Both Paul and I have been overwhelmed with the natural beauty of these many varied islands, her people and her exotic flora. We've loved all our interactions with locals - the casual "Ia Orana" greetings from strangers as we pass by them on the streets, irrespective of location, go a long way to indicate that everyone is welcome here. Even where there have been language issues, primarily due to our almost non-existent French, we've felt in tune and have been able to communicate through a mix of Frenglish, mime and Google Translate. We've enjoyed shopping for fresh produce at local markets and roadside stalls. We've spent time wandering through the various craft markets, admiring the intricate carvings and collecting a few small trinkets. We've loved the effortless way both the ladies and the Mahu dress, glorious flowers either tucked behind an ear or woven into elaborate and ornate headdresses. We've noticed what is obviously a resurgence of traditional Polynesian tattoos, sported with pride by many, each symbolising significant cultural and life events. We've been thrilled by the soaring, lush and rugged scenery; the crystal clear and stunningly azure waters of the lagoons; the sea life and the coral gardens. We've completely enjoyed our immersion into Polynesian history and culture - from the tales of the cannibalistic head hunters of the Marquesas to the visual and very exciting dances favoured across all the archipelagos to the few remaining sacred tikis. To be in Papeete during Heiva was a truly memorable experience; the competitive and entertaining programme really bringing to life the spirit and grace of the islanders.

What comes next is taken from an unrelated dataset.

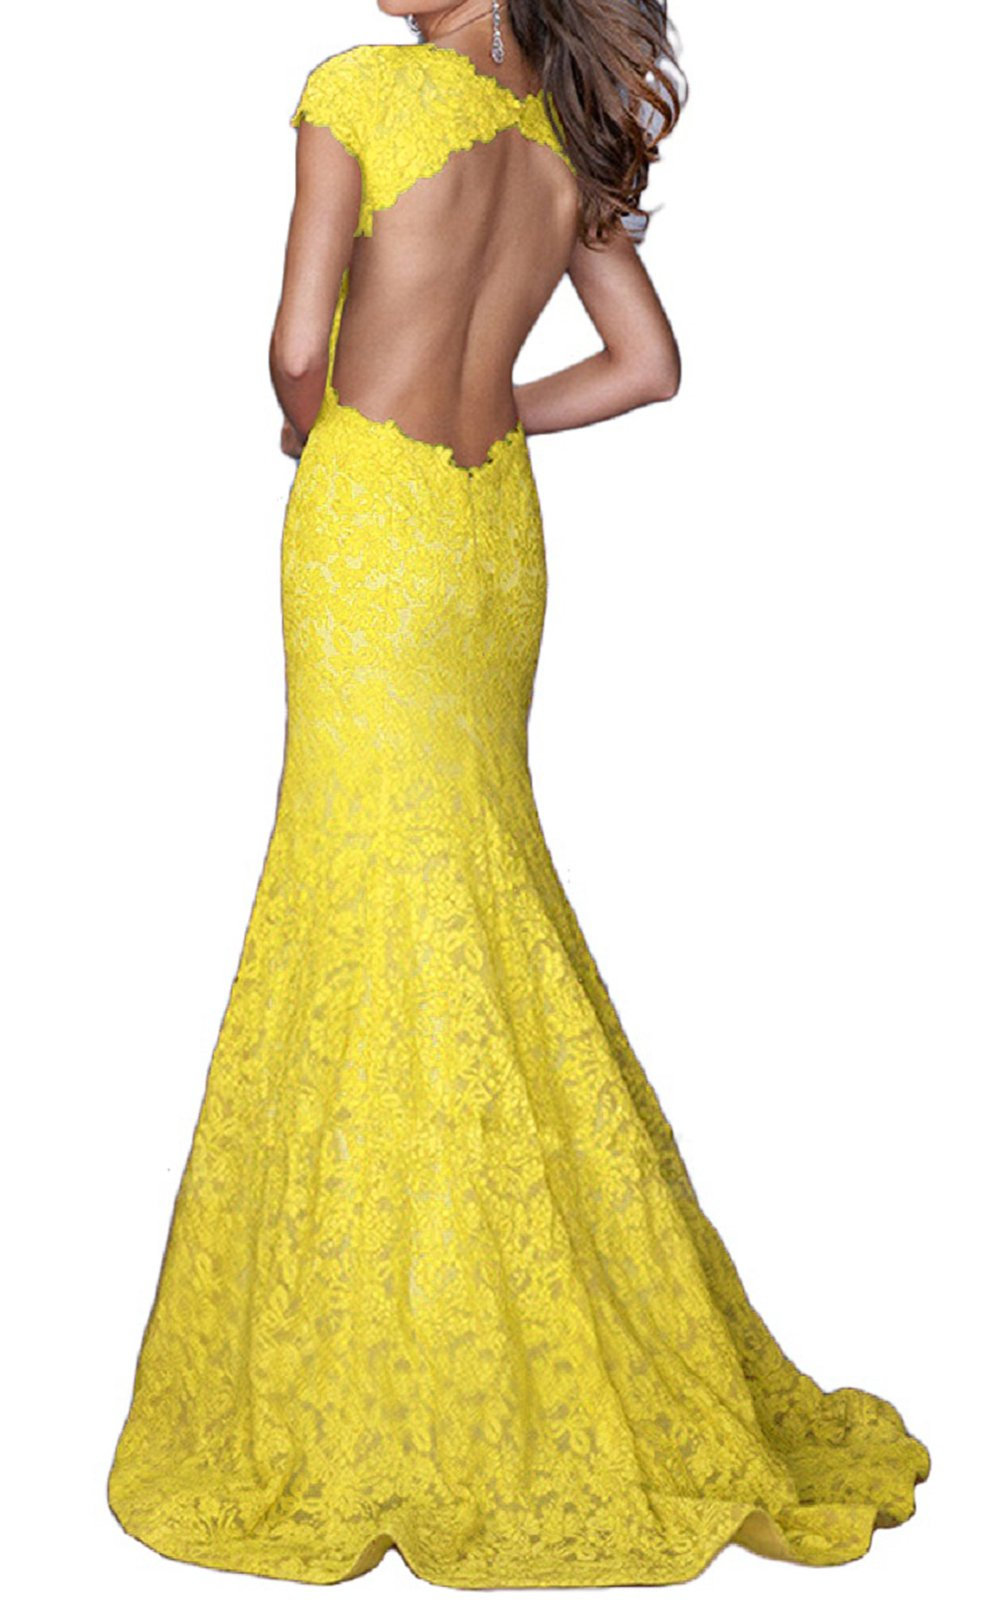 FELALA Women's Backless Mermaid Lace Long Evening Prom Dresses Yellow 2

French Polynesia is as heady and seductive as the scent of the sacred Tiare flower and the vanilla beans that are harvested throughout her islands; as chilled as her calm and translucent waters; and as varied as the many hues of her cultivated black pearls. We have absolutely loved each and every location we have had the privilege of visiting and will cherish the memories of our time here. Who knows, perhaps a long-ago siren call of Tina was imbedded into my psyche and readied me decades ago for this lush green paradise.
We've got a good weather window so we've completed our check out procedures and are just waiting on the Gendarmes to process documentation and issue our international clearance. It's a two day process here - serious island time is obviously observed on Bora Bora! We've offloaded the last of our very colourful and pretty Pacific Francs and are excited to be to be moving on to new locations. We will be off the grid for around three weeks but will, as usual, complete daily position reporting and blog posts. Mauruuru Polynesia - it's been an awesome experience!